→ WHAT THIS TASK INVOLVES
Give all of the listing again word for word, with images excluded.

→ SOURCE DATA

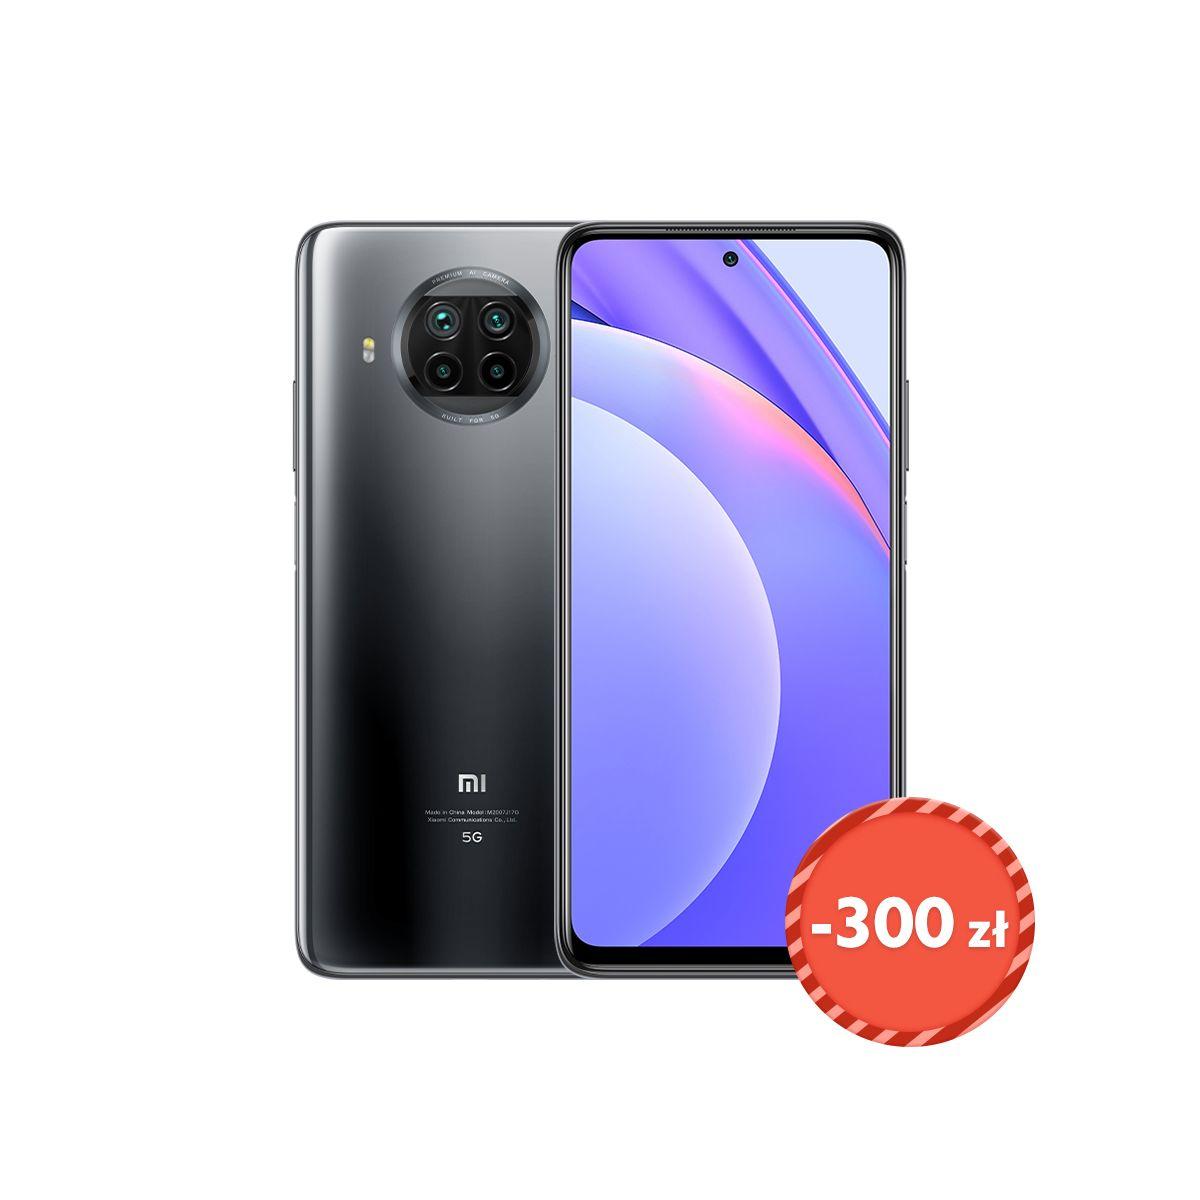 Smartfon Mi 10T Lite 5G 6/128GB z kodem i obniżką na mi-home.pl
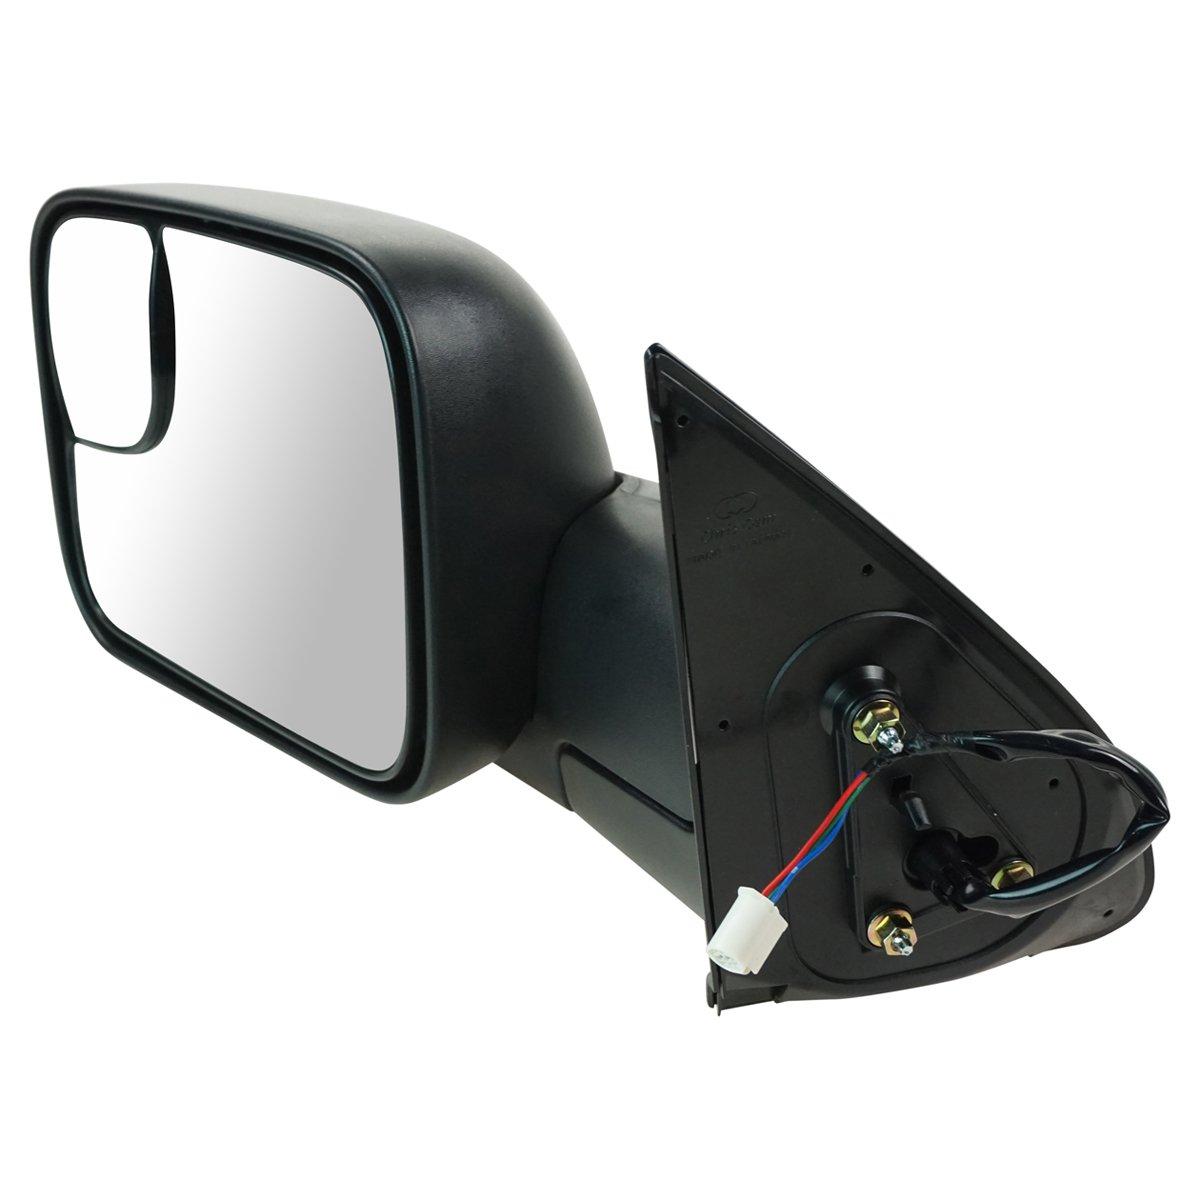 613zs7WYx7L._SL1200_ amazon com trail ridge tow mirror power textured black flip up pair
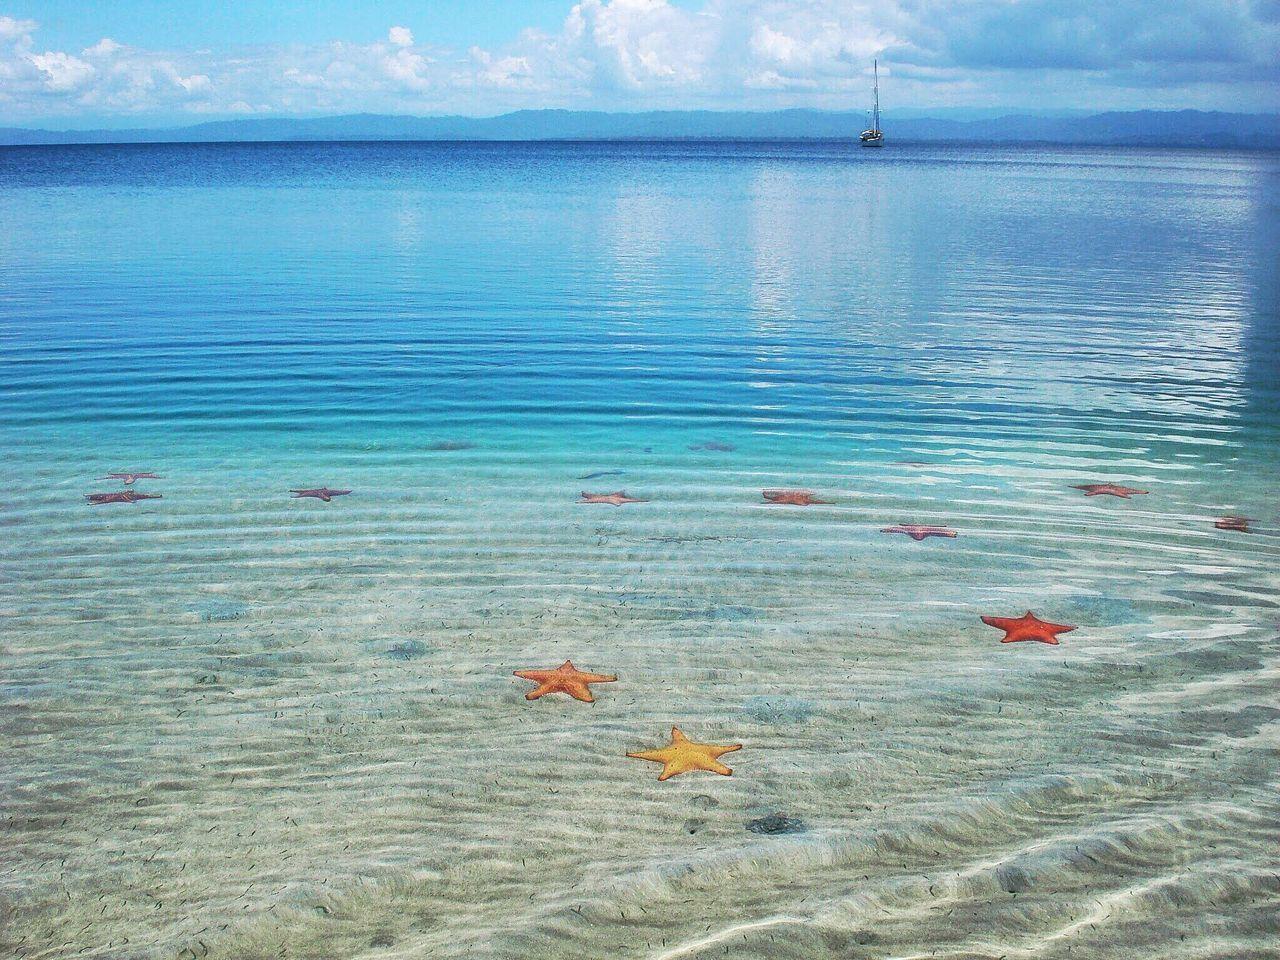 EyeEmNewHere Sea Caribbean Sea Stars Water Stars

→ ANSWER SPACE
 Smartfon Mi 10T Lite 5G 6/128GB z kodem i obniżką na mi-home.pl
 613zs7WYx7L._SL1200_ amazon com trail ridge tow mirror power textured black flip up pair
 EyeEmNewHere Sea Caribbean Sea Stars Water Stars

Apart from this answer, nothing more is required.